The architectural insight

The roles in the Ralph loop have fundamentally different cognitive needs:

Role Cognitive task What it needs
Architect Planning, strategy, selection Strong reasoning, broad knowledge
Worker Code generation, tool use Strong code gen, structured output
Auditor Evaluation, judgment, verification Different perspective from the creator

The Auditor doesn't need to be SMARTER than the Architect. It needs to THINK DIFFERENTLY. Same model evaluating its own work has the same blind spots.

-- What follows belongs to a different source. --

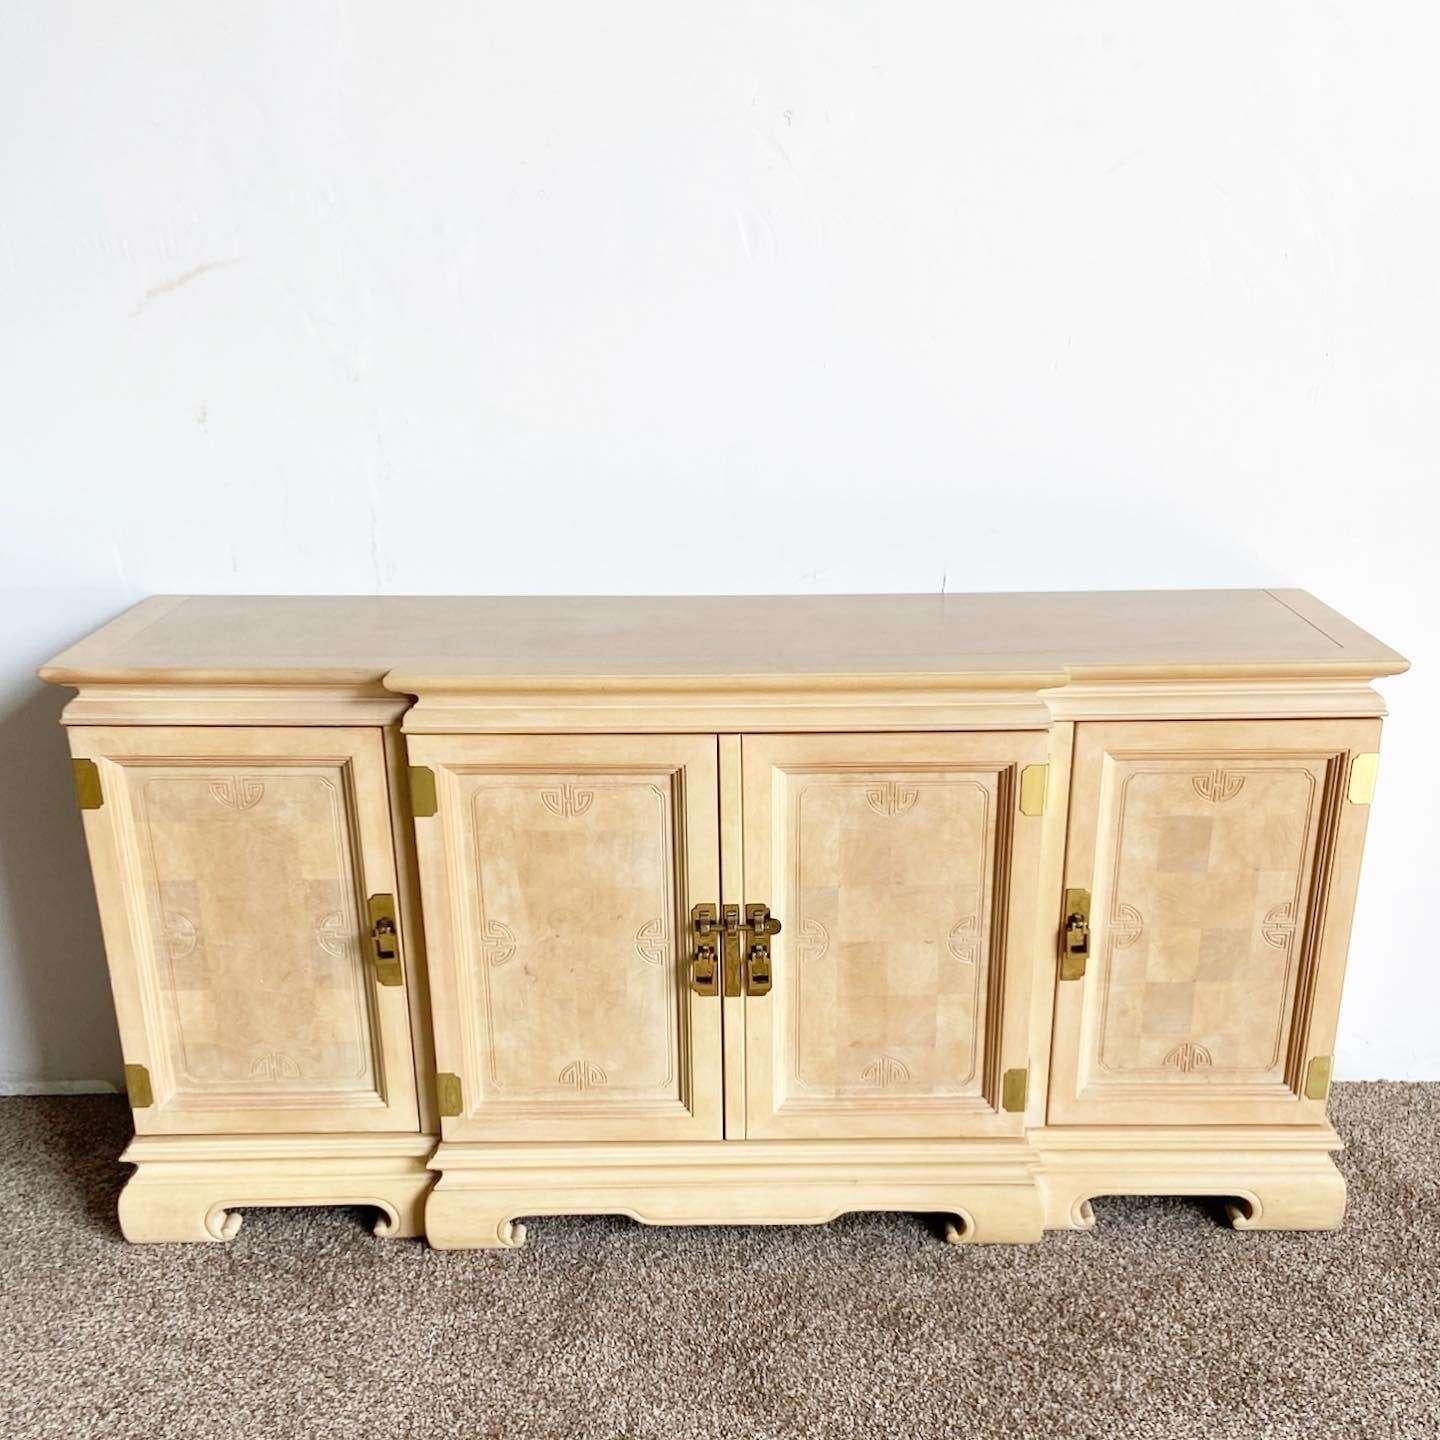 Exceptional vintage chinoiserie Ming style credenza. Features a light brown finish with brass accents.

A different model family catches systematic biases.

This is the red team / blue team principle applied to agentic AI.

The revised architecture

GPU(s) Role Model Why
0+1 Architect + Worker Gemma 4 31B NVFP4 (Google) Flagship for planning + code gen
2 Auditor Nemotron-3-Nano-30B NVFP4 (NVIDIA) Different model family for cross-evaluation
3 Available Future skills / mission-flexible

The expanded Auditor

The Auditor was also redesigned from a liveness checker to a real auditor:

Old: check_health → HEALTHY/UNHEALTHY → pass/fail New: check_health + stig_check_rule + read_recent_journal + revert

The expanded Auditor: 1. Checks mission app health (liveness) 2. Re-scans the specific STIG rule to verify the fix WORKED 3. Reads recent journal entries for side effects 4. Makes a judgment call with reasoning 5. Reverts if any of the above fail

This justifies the stronger model — a bash script can check liveness, but reasoning about whether a journal warning is a real problem or benign noise requires actual intelligence.

Why Nemotron specifically

  • NVIDIA-official NVFP4 — not a community quant, defensible for Federal
  • Different model family — Llama 3.3 derivative, different training data from Gemma
  • 30B total / 3B active — MoE architecture, fast per-token inference
  • Trained with 33% synthetic data for tool calling — directly relevant
  • Fits on single L4 — ~16-17 GB NVFP4, leaves headroom for KV cache
  • ~7-12% behind Gemma 4 on benchmarks — acceptable for evaluation role

Why GPU 3 stays free

"Available" beats forcing a role. The demo story: "3 GPUs running 2 model families for 3 agent roles, with a 4th GPU available for additional skills. This XR7620 isn't maxed out — it has room for the next mission."

Having headroom to grow is more important than seeing a config 100% utilized.